- Work required
Exact transcription, pictures omitted: reproduce the listing below.

-------- Material to process --------

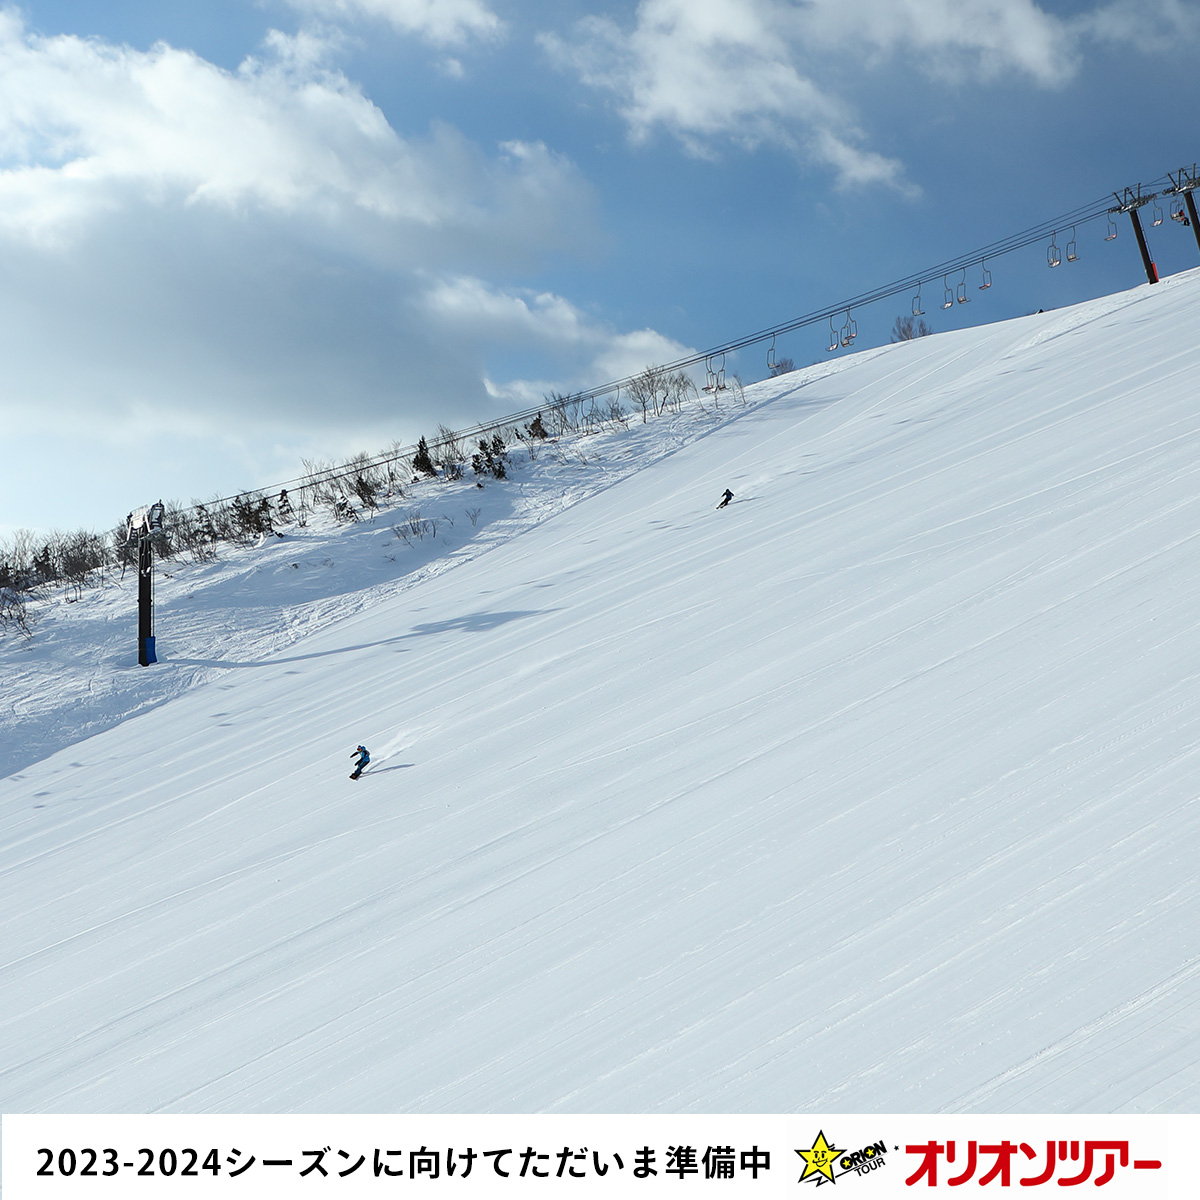 【 #SKI & #SNOWBOARD 】
2023-2024シーズン向けてただいま準備中🏂
スノーボード＆スキーツアーをもっと楽しむ冬へ！
旅行会社オリオンツアーをお見逃しなくッ✨
▸orion-ski.jp

--------

- Output
 【 #SKI & #SNOWBOARD 】
2023-2024シーズン向けてただいま準備中🏂
スノーボード＆スキーツアーをもっと楽しむ冬へ！
旅行会社オリオンツアーをお見逃しなくッ✨
▸orion-ski.jp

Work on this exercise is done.